🤖 AI Summary
This paper addresses the imbalanced generalization performance of few-shot vision-language models (VLMs) on in-distribution (ID) versus out-of-distribution (OOD) data. We propose the Stage-wise Retrieval-Augmented and Partially Fine-tuned (SRAPF) framework. Methodologically, SRAPF integrates pretraining-data retrieval augmentation, localized fine-tuning of only the top layers of the visual encoder, and a two-stage co-optimization strategy. Our key contributions are: (i) identifying that fine-tuning solely the top visual encoder layers achieves an optimal trade-off between ID and OOD accuracy; and (ii) uncovering a complementary mechanism wherein retrieval augmentation improves OOD robustness while input-level adversarial perturbations enhance ID accuracy. On the ImageNet OOD benchmark, SRAPF achieves state-of-the-art performance on both ID and OOD accuracy, significantly outperforming mainstream few-shot adaptation methods—including prompt tuning and linear probing—while maintaining parameter efficiency.
📝 Abstract
Pretrained VLMs achieve strong performance on downstream tasks when adapted with just a few labeled examples. As the adapted models inevitably encounter out-of-distribution (OOD) test data that deviates from the in-distribution (ID) task-specific training data, enhancing OOD generalization in few-shot adaptation is critically important. We study robust few-shot VLM adaptation, aiming to increase both ID and OOD accuracy. By comparing different adaptation methods (e.g., prompt tuning, linear probing, contrastive finetuning, and full finetuning), we uncover three key findings: (1) finetuning with proper hyperparameters significantly outperforms the popular VLM adaptation methods prompt tuning and linear probing; (2) visual encoder-only finetuning achieves better efficiency and accuracy than contrastively finetuning both visual and textual encoders; (3) finetuning the top layers of the visual encoder provides the best balance between ID and OOD accuracy.
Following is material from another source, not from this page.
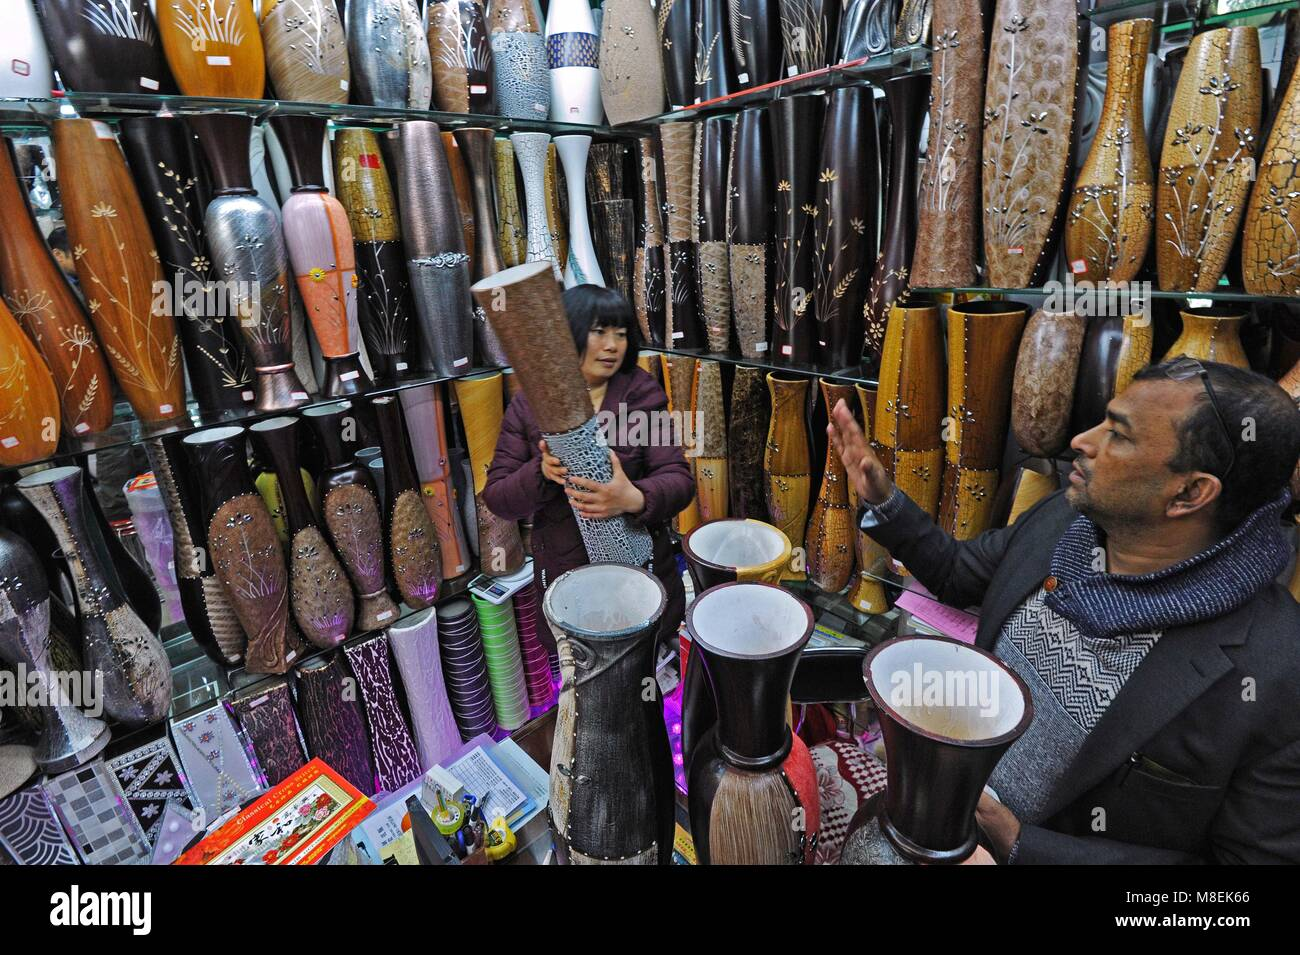 (180317) - YIWU, März 17, 2018 (Xinhua) - Bangladesch Geschäftsmann Ariful Islam (R) wählt Vasen Stockbild

Building on these findings, we propose partial finetuning of the visual encoder empowered with two simple augmentation techniques: (1) retrieval augmentation which retrieves task-relevant data from the VLM's pretraining dataset to enhance adaptation, and (2) adversarial perturbation which promotes robustness during finetuning. Results show that the former/latter boosts OOD/ID accuracy while slightly sacrificing the ID/OOD accuracy. Yet, perhaps understandably, naively combining the two does not maintain their best OOD/ID accuracy. We address this dilemma with the developed SRAPF, Stage-wise Retrieval Augmentation-based Adversarial Partial Finetuning. SRAPF consists of two stages: (1) partial finetuning the visual encoder using both ID and retrieved data, and (2) adversarial partial finetuning with few-shot ID data. Extensive experiments demonstrate that SRAPF achieves the state-of-the-art ID and OOD accuracy on the ImageNet OOD benchmarks.